Early on Democrats were seeing alarm bells in Virginia, which went for Biden by 10 points in 2020. As I highlighted in my election night guide, trouble in the Old Dominion, even if Harris hung on to win there, would likely signal losses in other battlegrounds. With 99 percent of precincts reporting, Trump looks to have cut Biden’s 2020 margin in half and is on track to win more votes there than any Republican presidential candidate ever.
Most polls expected Trump to win Florida easily, but his landslide was another ominous sign for Democrats. After Trump won there by 1.3 points in 2016 and 3.3 points in 2020, he carried the Sunshine State this year by an astonishing 13.1 percent.
In the battlegrounds, it was apparent just a few hours after polls closed that Harris was running significantly behind Biden and even Hillary Clinton’s margins in 2016. While results are still coming in, as of Tuesday morning Harris was underperforming Biden in every single county nationwide – a shocking result that speaks to the magnitude of the country’s rejection of Harris and embrace of Trump.
Trump also appears in a strong position to win the popular vote, becoming the first Republican candidate since George W. Bush in 2004 to do so. While the presidency is decided by the Electoral College and not the popular vote, the fact that Trump won a majority of the electorate is nonetheless enormously significant for several reasons.
First, it indicates a clear mandate for Trump to enact his America First agenda. The 45th and soon-to-be 47th president did not back-door his way into the Oval Office – he won by appealing to broad swaths of the country in red, purple, and blue states alike. Throughout his campaign he promised to be a president for “all Americans,” and that pledge clearly attracted a diverse group of voters from throughout the country.
Along with building on his margins of victory in the former swing states of Florida, Ohio (12 points in 2024 vs eight in 2020), and Iowa (14 points vs. 11 points), Trump ran just six points behind Harris in New Jersey after losing to Biden by 16 there four years ago. In New York, where Joe Biden won by 23 points, Trump cut Harris’s margin to just under 12. Perhaps the most under-the-radar embarrassment of the night for Harris was in her home state of California, which she carried by “only” 17 points after Biden won there by nearly 30 in 2020.
Second, Trump’s popular vote victory is an incredible morale booster for the conservative movement, proving that the country is not permanently shifting leftward as many pundits and “political experts” would have Americans believe. Liberal dreams of an “emerging Democratic majority,” so popular during the Obama years, have been utterly crushed.
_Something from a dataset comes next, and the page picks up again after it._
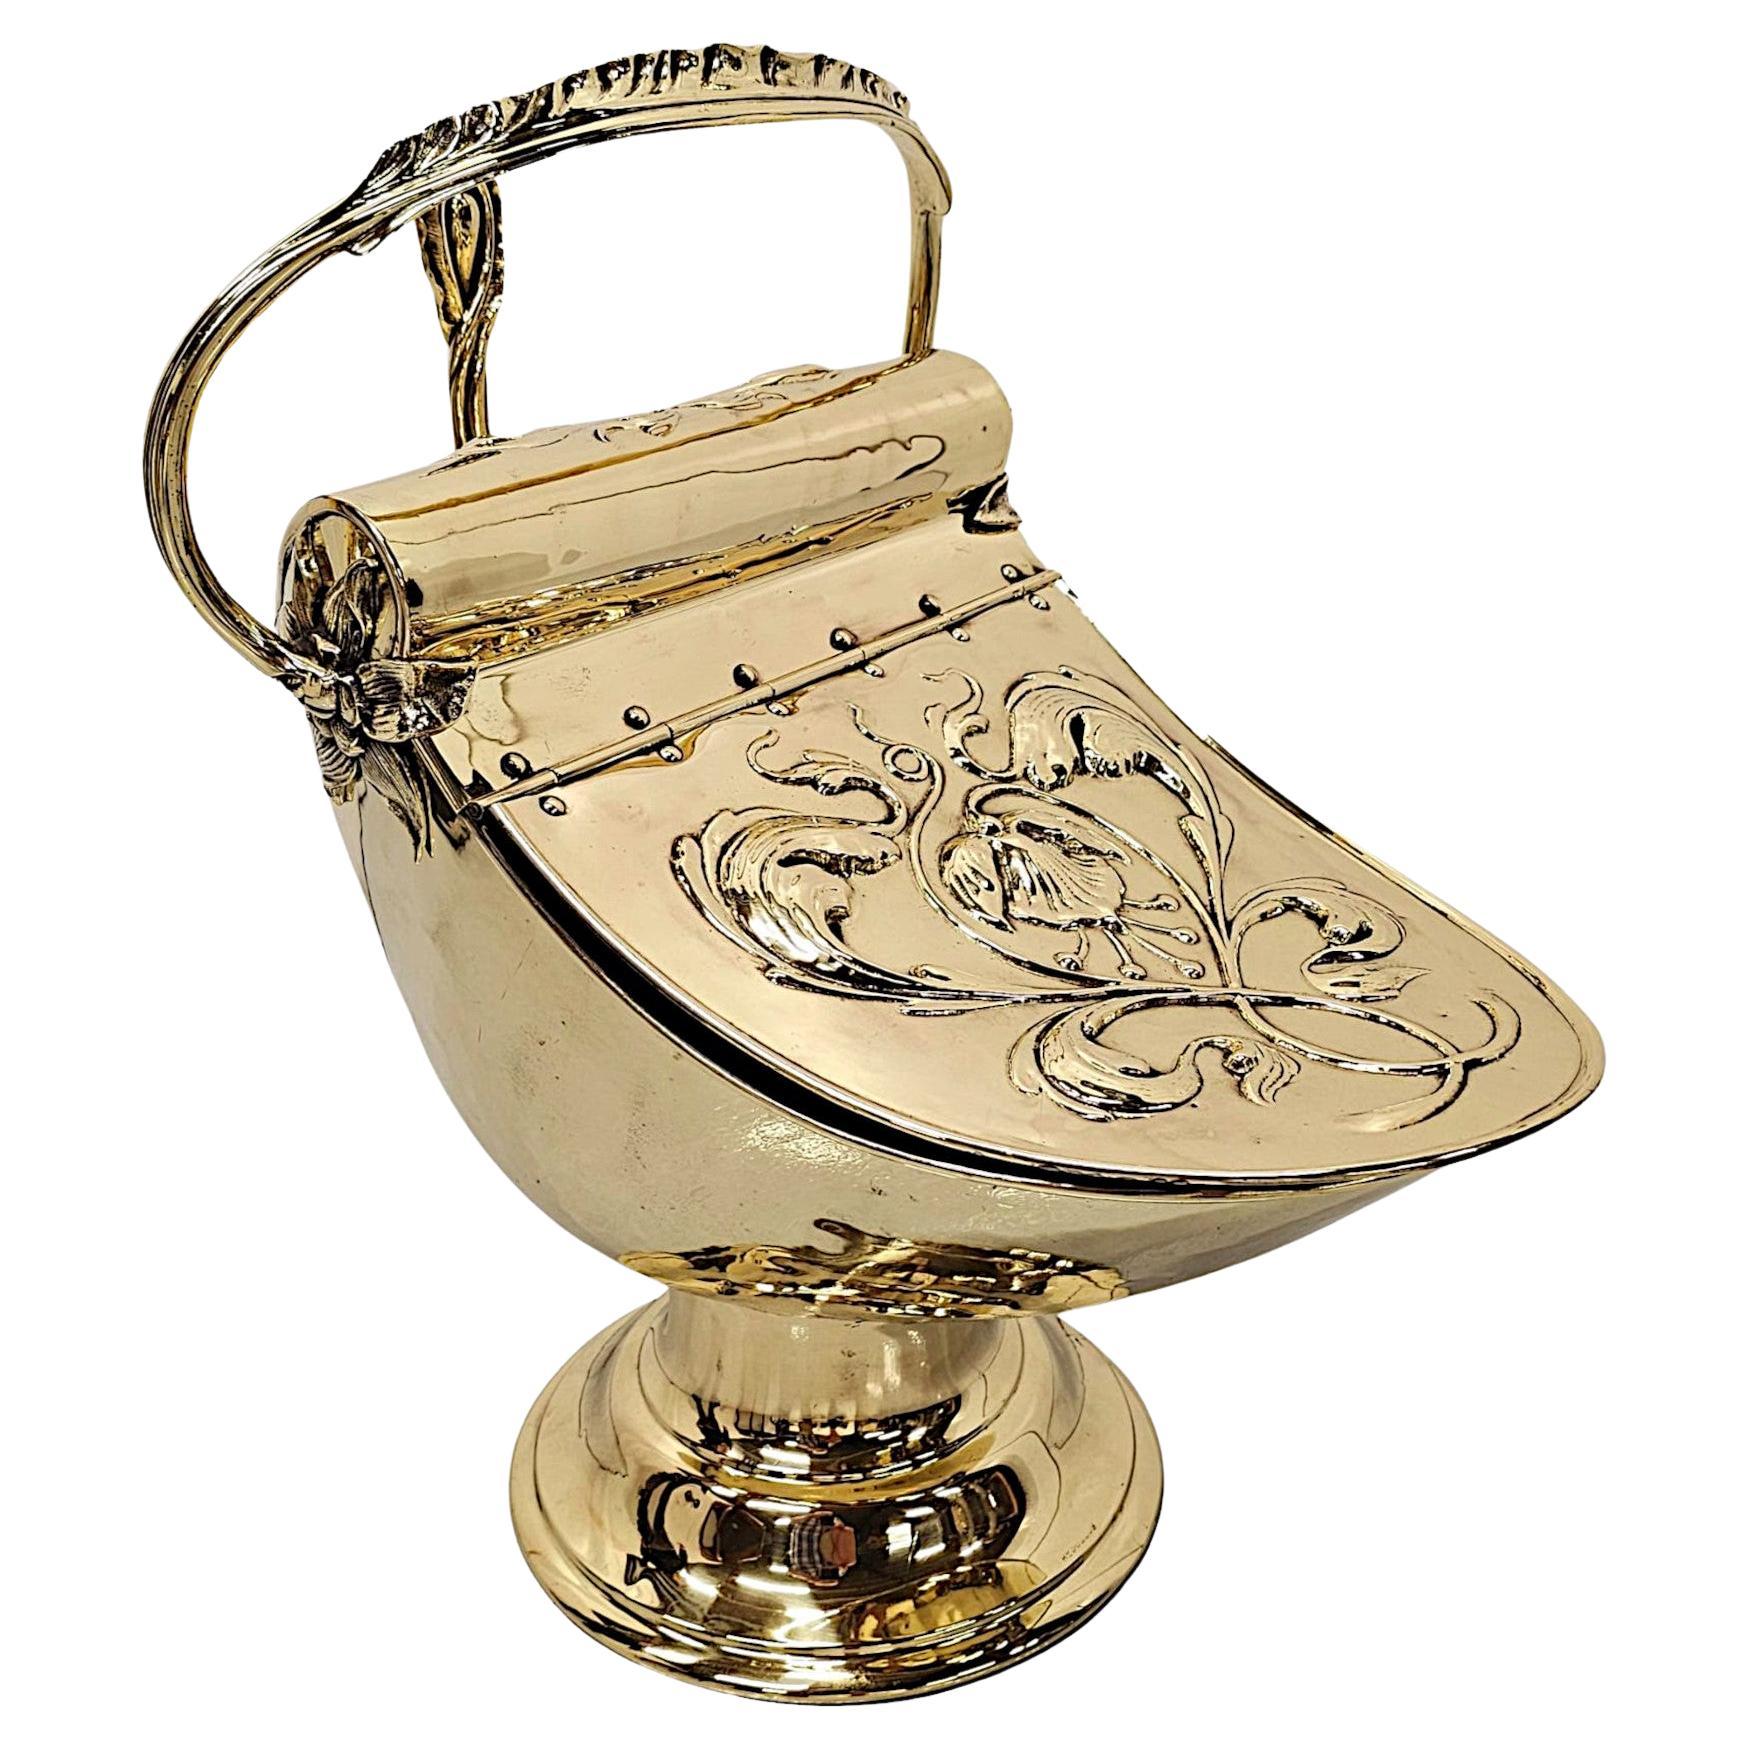 A Very Fine 19th Century Polished Brass Coal Scuttle For Sale

Third, and perhaps most personally satisfying for Trump, he proved everyone wrong who said he had a hard ceiling at 47-48 percent of the vote. Even most pundits who predicted a Trump Electoral College victory believed Harris would win the popular vote. But once again the pollsters were wrong – the more voters have seen of Trump, the more they believe he is the right choice to lead the country.
Relatedly, Trump’s resounding victory was a monumental indictment of the left’s campaign of lawfare and slanderous lies against Trump and his supporters. For the past decade, the corporate media, Democrat establishment, and entertainment industry have been full throttle on convincing Americans that Trump is “fascist” and “literally Hitler.” They manufactured two impeachments and an endless stream of hoaxes to undermine him, and when that didn’t work, they tried to impoverish him and throw him in jail.
In the end, none of it worked. The American people saw through the lies and misdirection and chose the candidate who clearly delivered a better record while in office. The left was correct in saying that “democracy” was on the ballot this year – and in Trump’s victory, democracy prevailed.
The next four years will undoubtedly be filled with plenty of challenges and ups and downs for both Trump and the country. But in the wake of what many considered to be the most consequential election in decades, Americans can rest assured that they have a proven leader at the helm.